Worse yet, she said the Obama administration almost certainly knows that.
“IAEA (International Atomic Energy Agency) reporting over recent years indicates at a minimum they strongly suspect that Iran already has built nuclear warheads. It’s certainly known that Iran has long range ICBMs (intercontinental ballistic missiles.)”
Lopez added, “They’ve had the information how to build a warhead for a long time. They’ve had expert assistance from, at a minimum, North Korea and Pakistan.”
“They’re documented by the IAEA as having engaged in activities related to warhead development. There are satellite images from Parchin of what are believed to be ‘containers’ in which warhead triggers were tested. And Iranian officials have been reported present in North Korea during nuclear tests.”
Before the deal was announced, Lopez warned, “The whole inspection thing is kind of voluntary. The IEAE submits a request to tell the Iranians where they want to go and they can comply or not.”
Lopez described the Iranians’ transparency and honesty about its program as nonexistent. And, she noted, Iran has always avoided compliance with the international obligations it has already agreed to.
“Every single facility that we know about, publicly, in their nuclear weapons program was revealed by someone other than Iran. As a signatory to the NPT (Non-Proliferation Treaty) they are responsible for reporting to the IEAE all of their facilities and opening them up to inspection. They have never, ever volunteered admission of a single one. It all came from satellite photos, intelligence services or the Iranian opposition.”
Since satellite photography showed the structures at Parchin were designed for the testing of the explosive charges used to detonate nuclear warheads, Lopez said it begged the question: “On what do you test these explosive triggers, if you don’t have a warhead?”

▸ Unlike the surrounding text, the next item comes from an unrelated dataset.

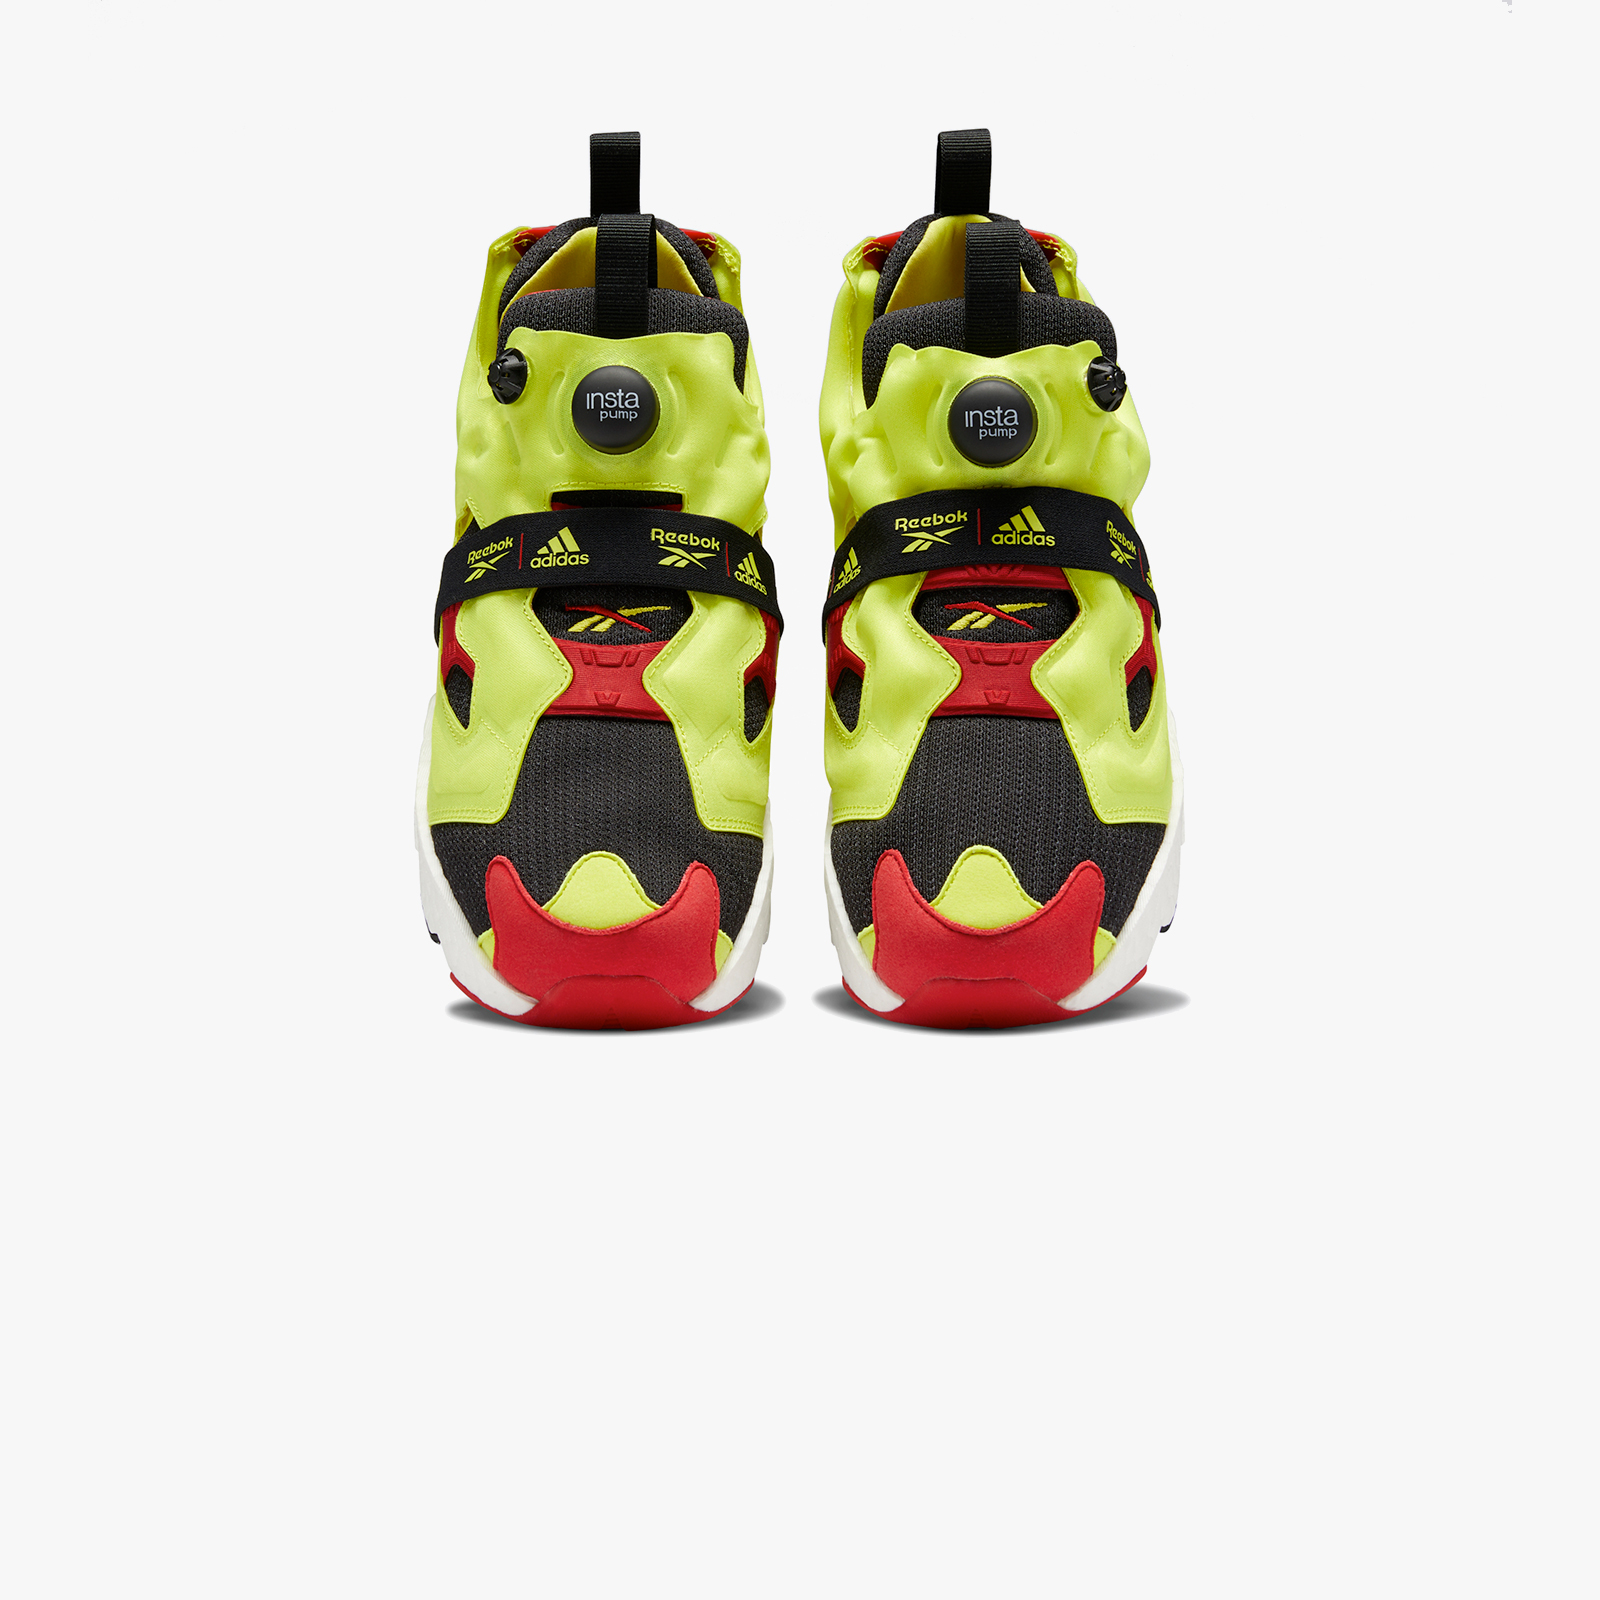 Damen Sneakers Reebok Classics Instapump Fury Boost™ Shoes Herren
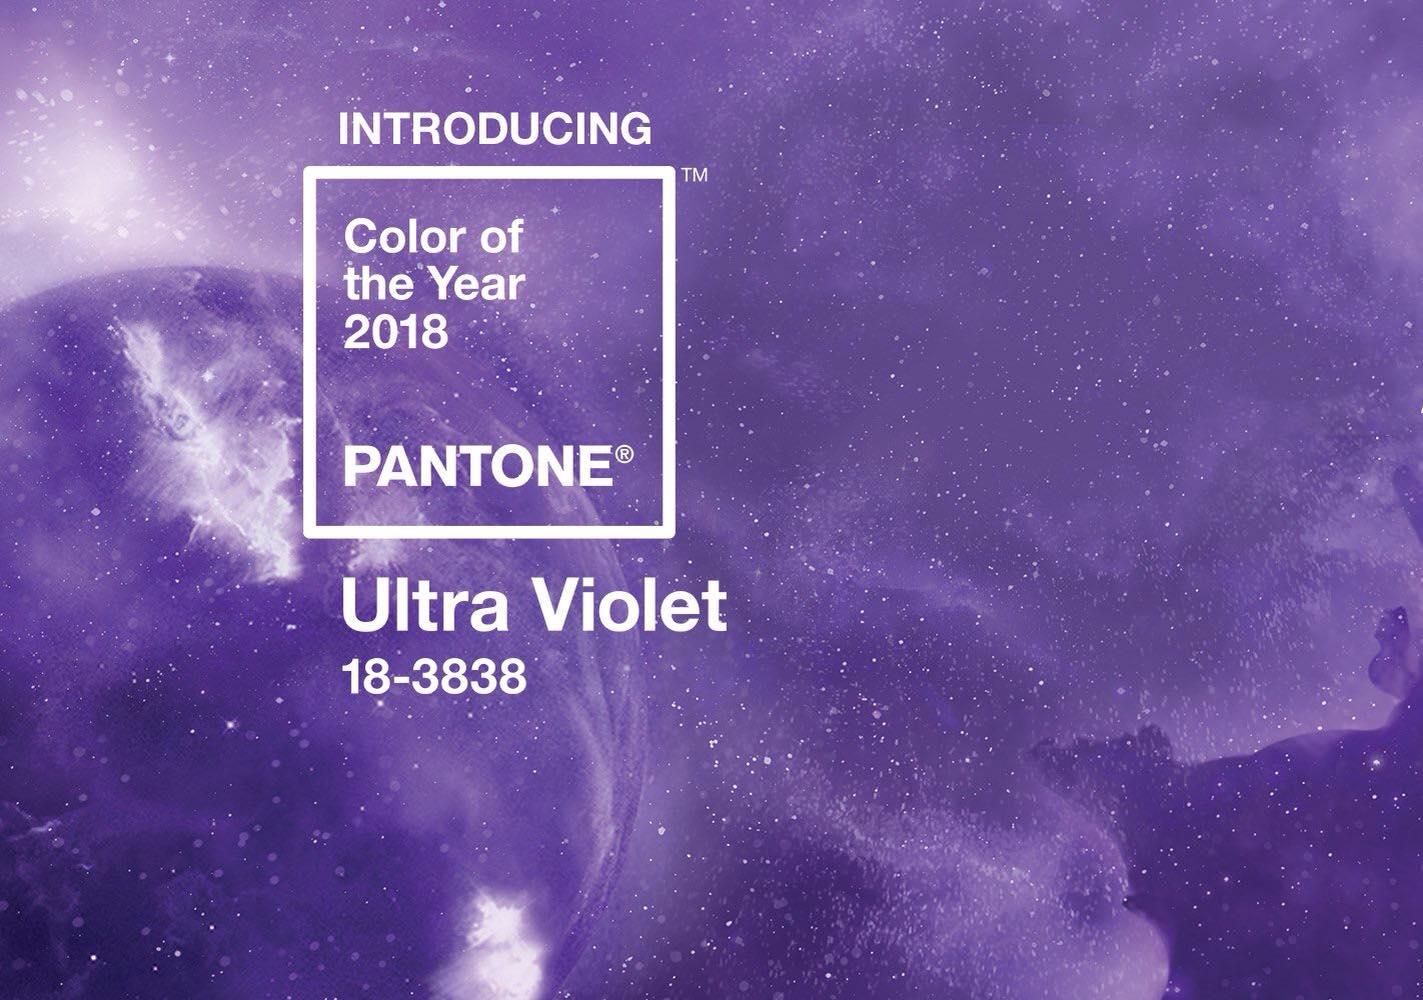 شركة Pantone 2018 6 اللون البنفسجي لون العام بحسب بانتون

Lopez said the Iranians were conducting research and development on nuclear warheads at Lavizan, the existence of which was revealed by the NCRI in 2002.
“Once it was exposed, the Iranians razed it to the ground. Leveled all the buildings, every tree, bush, and blade of grass and carted it off to I-don’t-I-know-where, and then they turned the place into a city park with picnic benches and tennis courts. This is how they act.”
Lopez said the key threshold for the Iranians is perfecting a delivery system for a warhead.
“I don’t know if they’ve married it to a missile. Until it’s on top of a missile it’s not deliverable, at least, in the usual way.”
She described Iran’s missiles as an enormous problem the West is ignoring at its own peril.